Il farro è un tipo di frumento che viene coltivato e utilizzato in tutta Italia sin dall’antichità, ma il farro di Monteleone di Spoleto (comune umbro a confine con la regione Lazio) ha una particolare caratteristica: è il primo ad aver ottenuto il riconoscimento DOP in Europa.
Dalle leggende alle testimonianze storiche
Una leggenda narra che è stato San Nicola di Bari a far arrivare il farro a Monteleone di Spoleto. Il Santo, passando nella cittadina umbra, fu particolarmente colpito dalle condizioni di estrema povertà dei suoi abitanti e diede loro in dono del farro per sfamare i più poveri. Questa leggenda sarebbe però una trasposizione di un episodio della biografia del Santo, secondo la quale egli aveva inviato il farro agli abitanti della città di Mira (in provincia di Venezia), stremati dalla fame dopo un lungo periodo di carestia.
Oltre a questa leggenda, esistono anche testimonianze storiche sulla coltivazione del farro in Umbria. Nella “tomba della biga” di origine etrusca (VI secolo a.C.) rinvenuta nel comune di Monteleone, sono stati ritrovati attrezzi che venivano utilizzati per la lavorazione dei cereali e, tra le tracce dei vari cereali, sono stati ritrovati dei chicchi di farro. Anche la storia contemporanea è testimone di questa coltivazione: durante la Seconda Guerra Mondiale, i soldati tedeschi sottrassero alla popolazione di Monteleone tutti i mezzi di sostentamento, tranne il farro, che divenne così l’unica fonte alimentare per la popolazione locale.
Tipologie e tecnica di produzione
Il farro di Monteleone di Spoleto viene coltivato dall’ecotipo locale triticum dicoccum e vengono prodotte tre tipologie: integrale, semiperlato e spezzato. La zona di produzione comprende oltre al comune di Monteleone di Spoleto, anche quelli di Poggiodomo, Cascia, Sant’Anatolia di Narco, Vallo di Nera e Scheggino.
La tecnica di coltivazione è la stessa di centinaia di anni fa: dopo l’erpicatura (tecnica di spianamento del terreno), il farro viene tendenzialmente seminato in autunno o tra febbraio e maggio, a seconda dell’altitudine del luogo.
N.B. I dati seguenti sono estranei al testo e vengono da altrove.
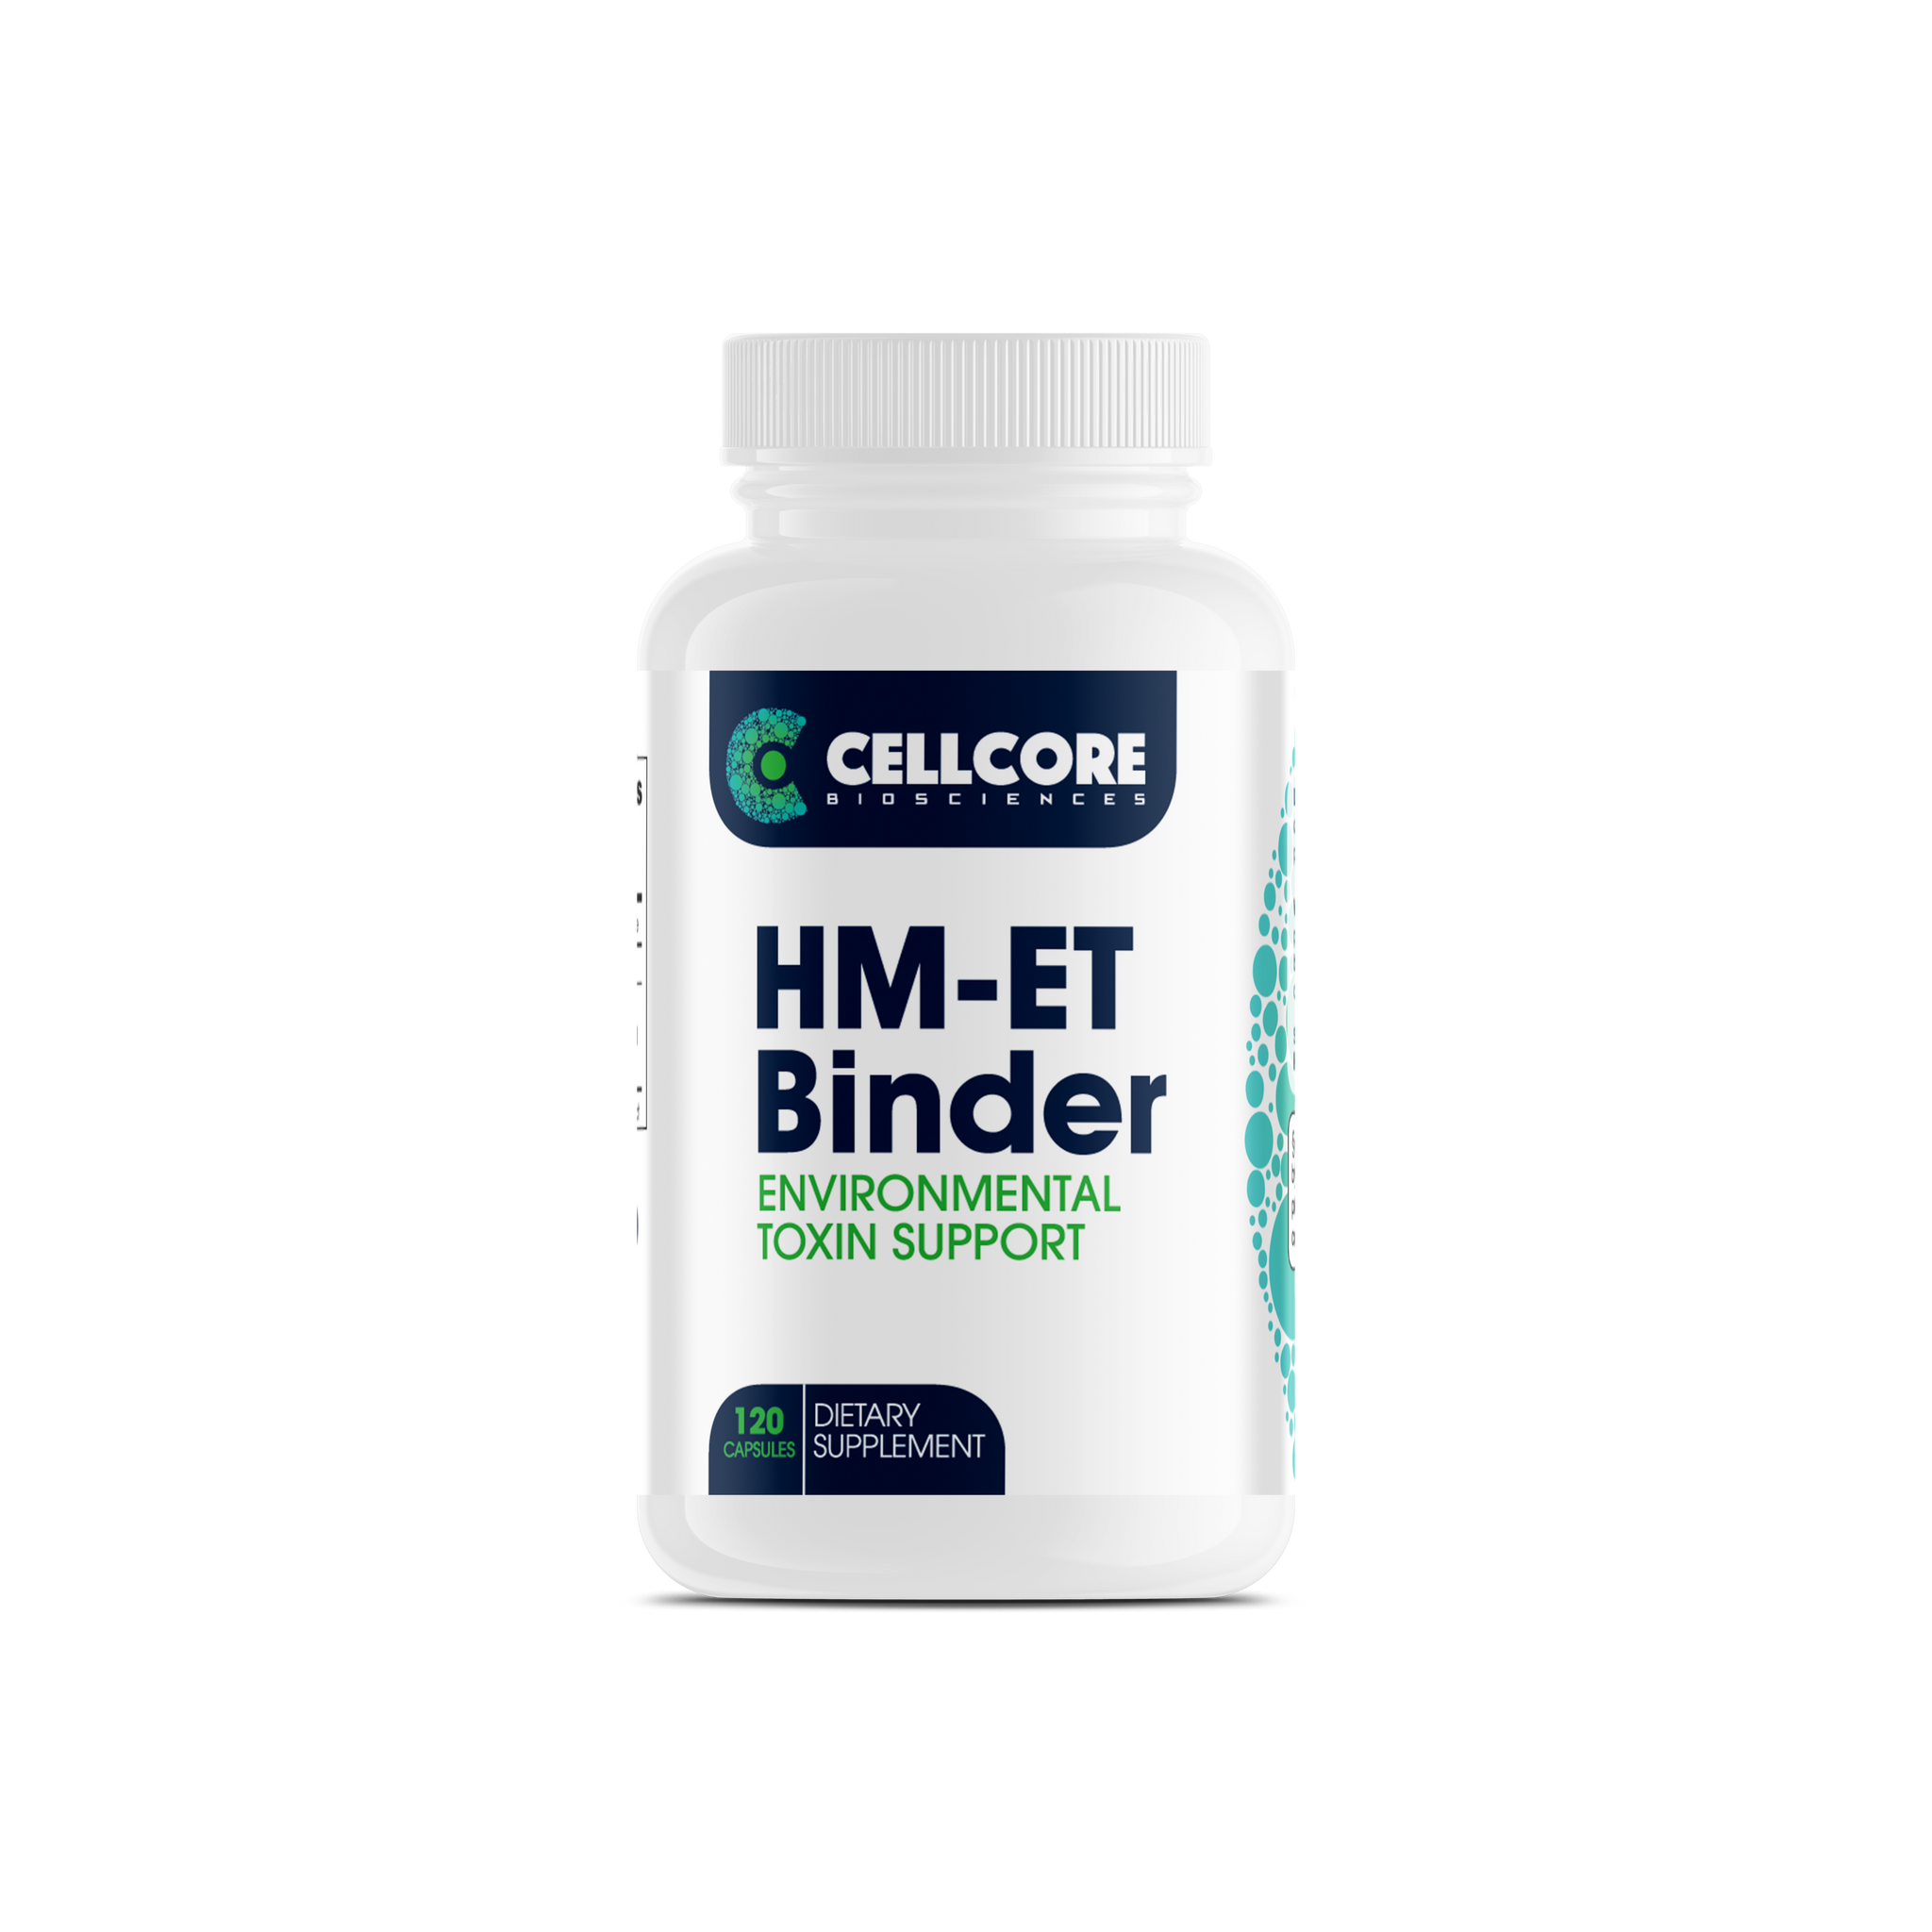 HM-ET Binder - Environmental Toxin Support (120 Capsules) – Dr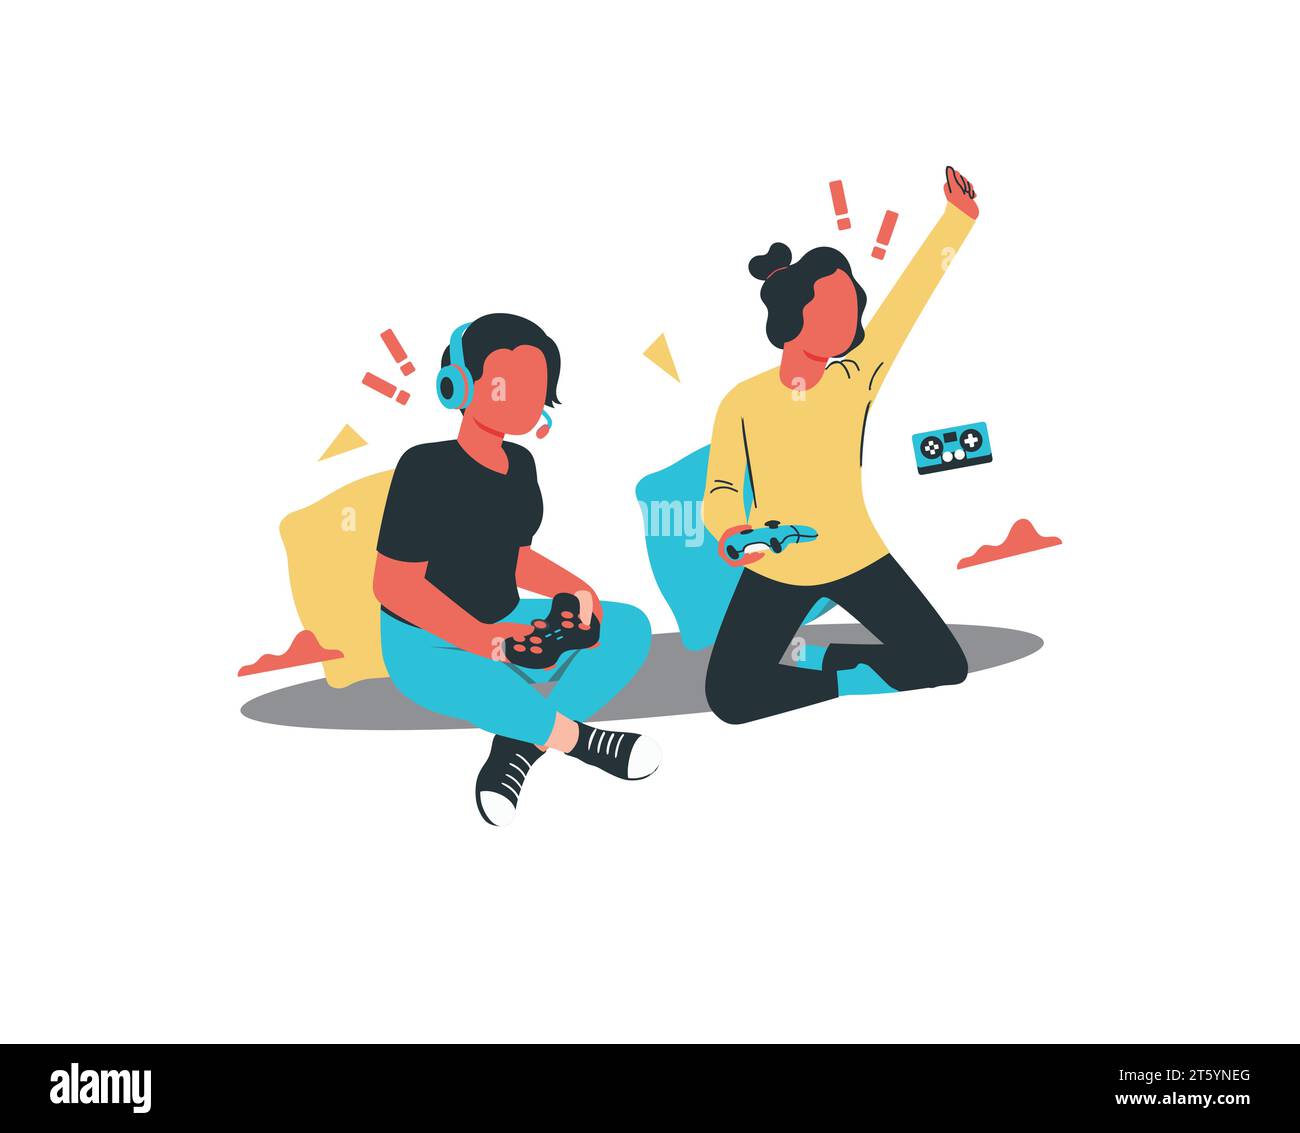 Young man and woman playing video games together. Flat vector illustration. Stock Vector

Si concima con prodotti organici e viene raccolto generalmente tra luglio e settembre. I chicchi di ogni tipologia sono di forma allungata, un po’ ricurvi e di colore marrone chiaro, ambrato, ma ognuna di esse richiede delle fasi di lavorazione diversa. Il farro spezzato è un derivato di quello integrale, a cui viene tolta la pula (il rivestimento del chicco) e spezzato in tre o quattro parti. Da una sua ulteriore macinazione si ottiene il semolino di farro. Il farro semiperlato si può chiamare anche “decorticato” per via della mancanza di un leggero strato esterno di crusca; mentre l’integrale conserva anche le fibre esterne.
I molteplici usi in cucina
L’utilizzo culinario di questo prodotto è molto vasto, dalla preparazione di minestre calde fino a insalate fredde. La farina di farro è ottima per preparare sia prodotti dolci (come crostate e biscotti) sia prodotti salati, come le focacce. Una ricetta tipica umbra è l’imbrecciata: una zuppa di legumi della tradizione contadina, il cui nome paragona la breccia (ghiaia) ai diversi tipi di legumi che vengono utilizzati in questo piatto.